---------- SUPPLIED MATERIAL

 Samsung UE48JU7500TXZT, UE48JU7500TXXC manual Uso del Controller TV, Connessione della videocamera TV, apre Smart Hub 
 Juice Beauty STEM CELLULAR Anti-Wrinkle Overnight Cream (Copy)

--------------------
---------- SUPPLIED MATERIAL

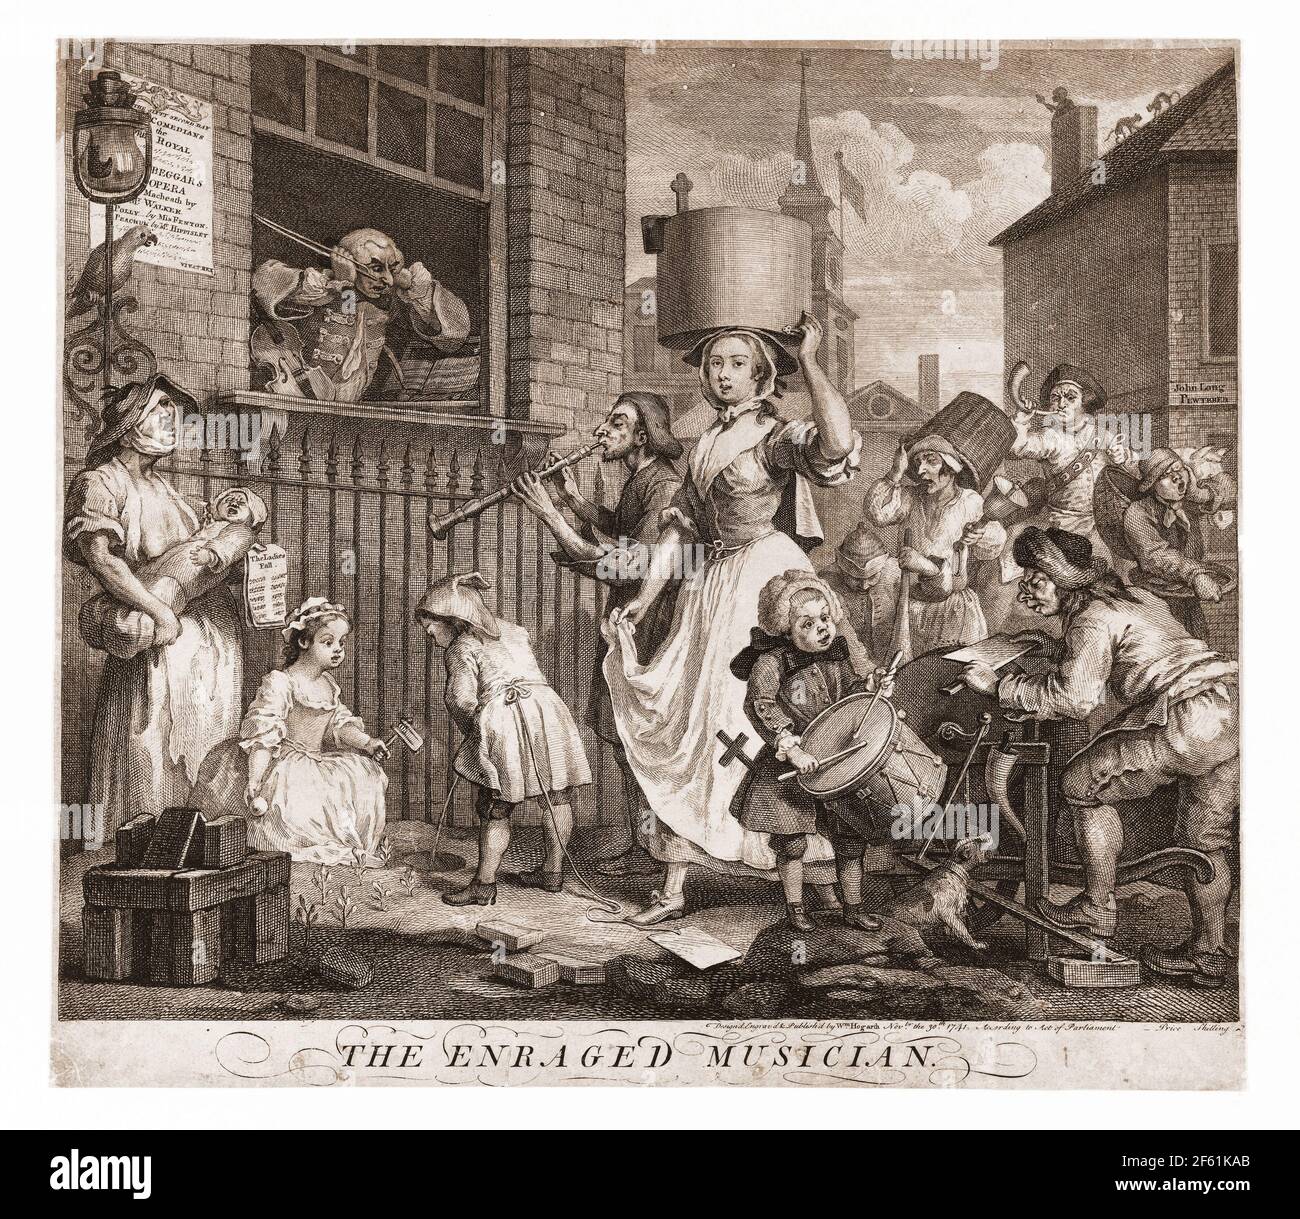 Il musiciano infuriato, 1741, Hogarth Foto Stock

--------------------

YOUR ASSIGNMENT ▸ From the data above, reproduce word for word the lines running from the line with "Samsung UE48JU7500TXZT, UE48JU7500TXXC" to the line with "Juice Beauty STEM", ends included.

ANSWER SECTION ▸
 Samsung UE48JU7500TXZT, UE48JU7500TXXC manual Uso del Controller TV, Connessione della videocamera TV, apre Smart Hub 
 Juice Beauty STEM CELLULAR Anti-Wrinkle Overnight Cream (Copy)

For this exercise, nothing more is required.